From these regressions, we see that there is the following relation between the coefficients:

$$ \rho_s = \rho + \gamma \delta_{aux} $$

where $\rho$ is the "long" coefficient, $\gamma$ is the coefficient of the omitted variable in the long regression, $\delta_{aux}$ is the coefficient in the auxiliary regression, and $\rho_s$ is the "short" regression coefficient.

This relation is ALWAYS true - no matter whether we consider causality or now.

We can think about this to think about the direction of bias - in a crude way...


## Interpreting Interaction Terms

Maybe the effect of education is different between male and female respondents. To investigate this, we can use a technique called "Interaction Terms". Let us first create a variable that is the product of male and education.
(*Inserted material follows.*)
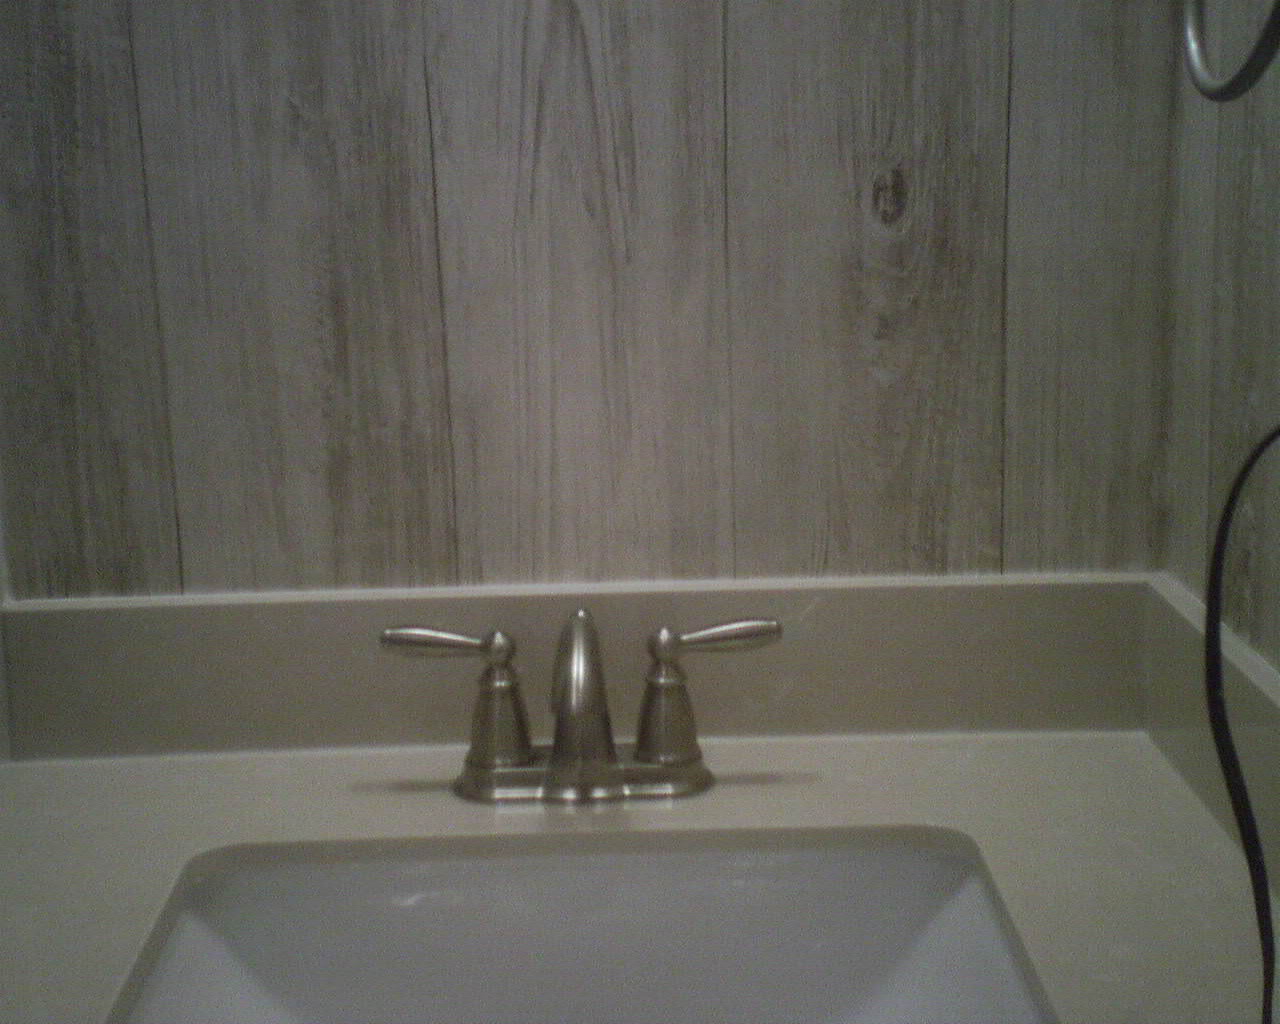 wallpaper that looks like wood paneling,sink,bathroom sink,tap,property,tile
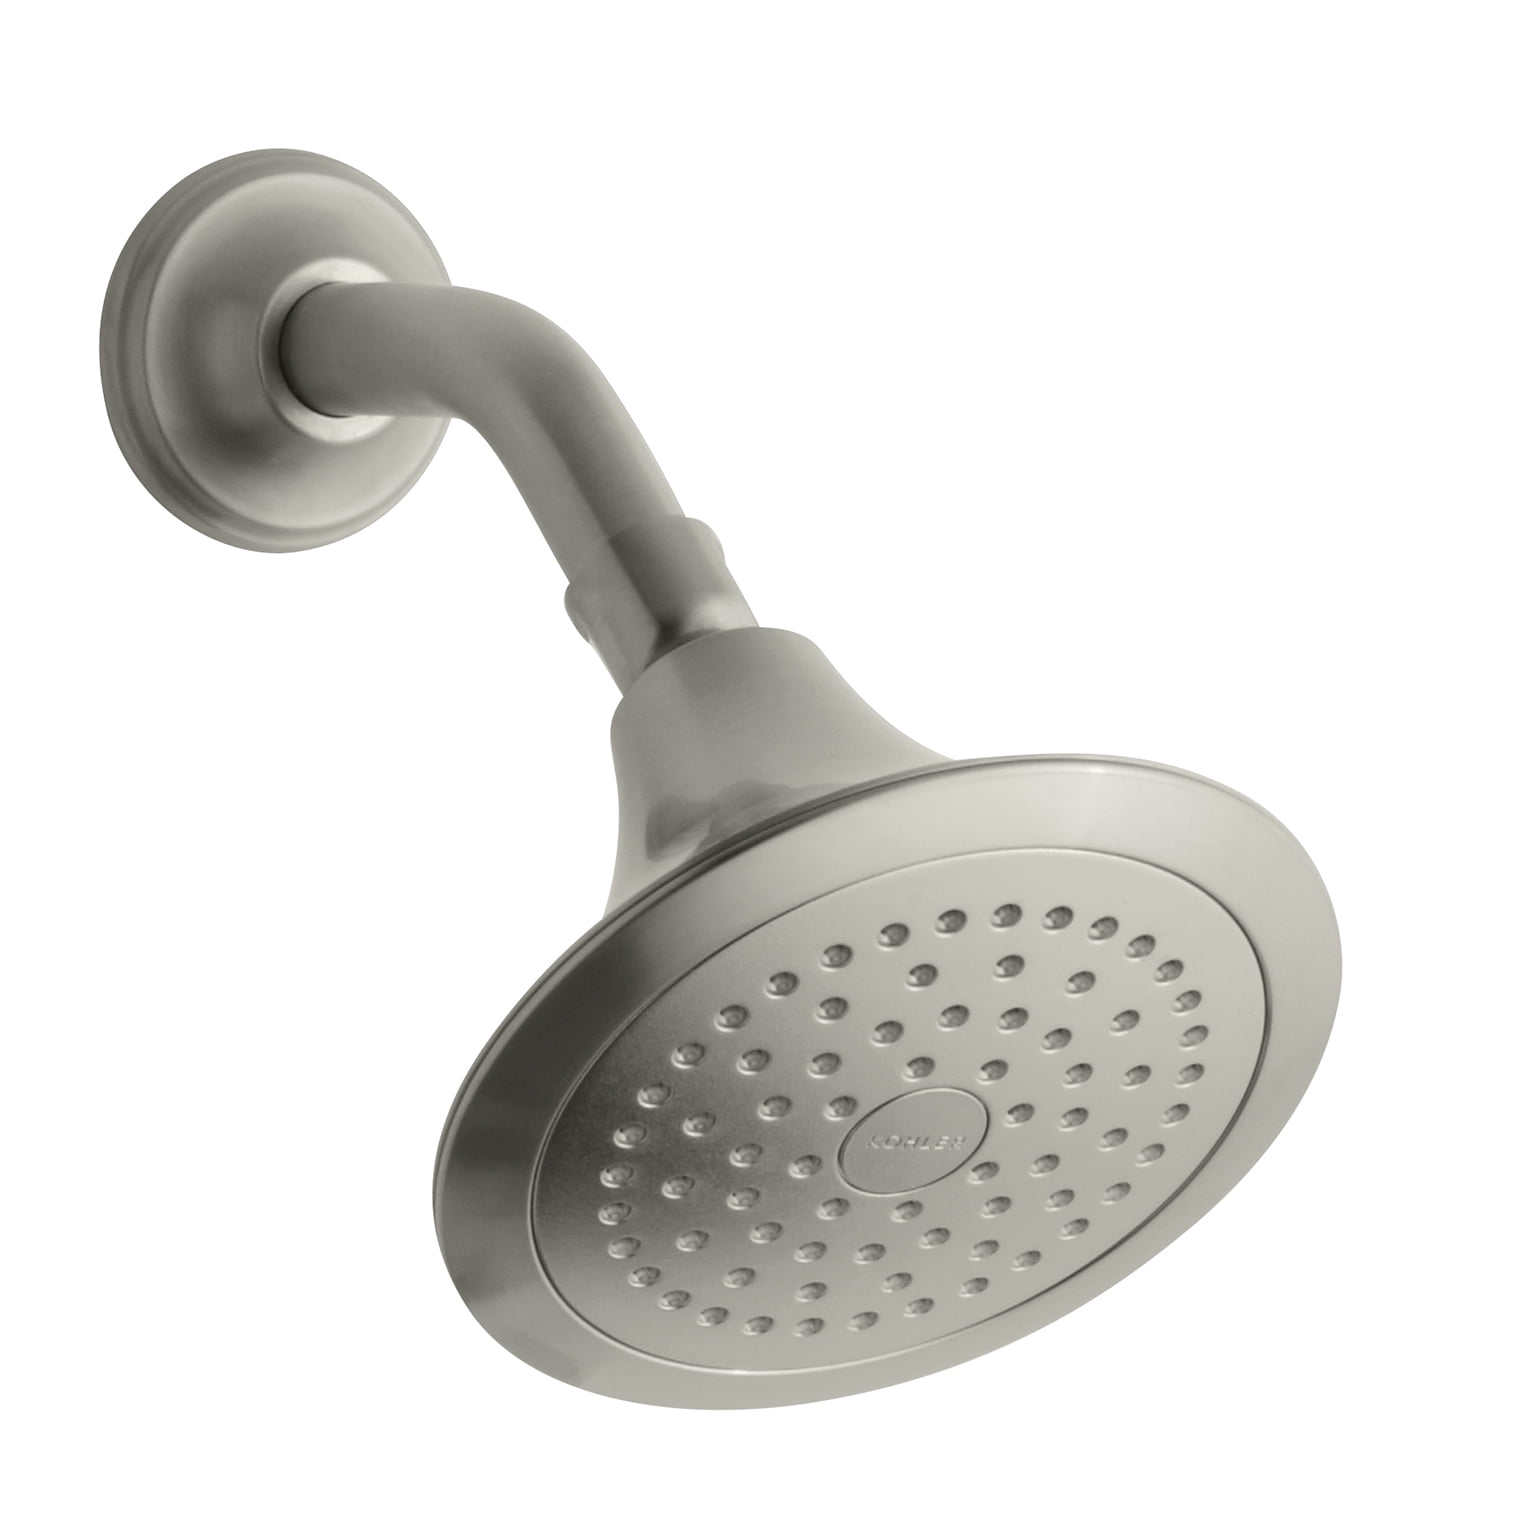 5 Setting Water Saving Multi-function Bathroom Faucet Set Shower HEAD Chrome Bn5 for sale online

We will be using hourly wages instead of monthly wages for this analysis. 
Our regression model looks like this. 

$$
w_i = \alpha + \beta_m \cdot \text{male}_i + \beta_e \cdot \text{education}_i + \beta_{me} \cdot \text{male}_i \cdot \text{education}_i + \epsilon_i
$$


How would we interpret the coefficients?

* Interpret $\beta_m$
* Interpret $\beta_e$
* Interpret $\beta_{me}$


Let us run the regression and have a look at the results:

## Wage and age: Exploring a life-cycle relationship

We may also be interested in the relation between age and wages (for this part of the analysis, we use yearly wages). What do you think this relationship may look like? Will wages increase in age or become smaller as people become older?

Let us make a plot!

In [6]:
# Hint: In R, the basic plot function looks like this: plot(x,y)


How does this data look like? Do you think a simple linear model would fully capture the relationship between age age wages? What would you do to solve this issue?

Let us generate a new variable that is the square of the age. This looks like a parabola, so maybe we will be able to fit the data with a quadratic model.

We now have a regression model that looks like this:

$$
w_i = \alpha + \beta_1 \cdot \text{age}_i + \beta_2 \cdot \text{age}_i^2 + \epsilon_i
$$

How do you interpret:
* $\beta_1$
* $\beta_2$

How do we expect $w_i$ to change if age goes up by one year?

Let us run the regression with the squared term:

## Summary: What we learned

Today, we:
* Saw how to get some very basic information (like means, standard deviations, etc.) from a dataset
* learned how to generate new variables
* learned how to run linear regressions 
* learned how to interpret the output of linear regressions
* looked at what happens if we forget to include an important variable in our regression: **omitted variable bias**!
* Learned two key techniques which allow us to analyze much more rich economic patterns in the world: Interaction effects and quadratic terms.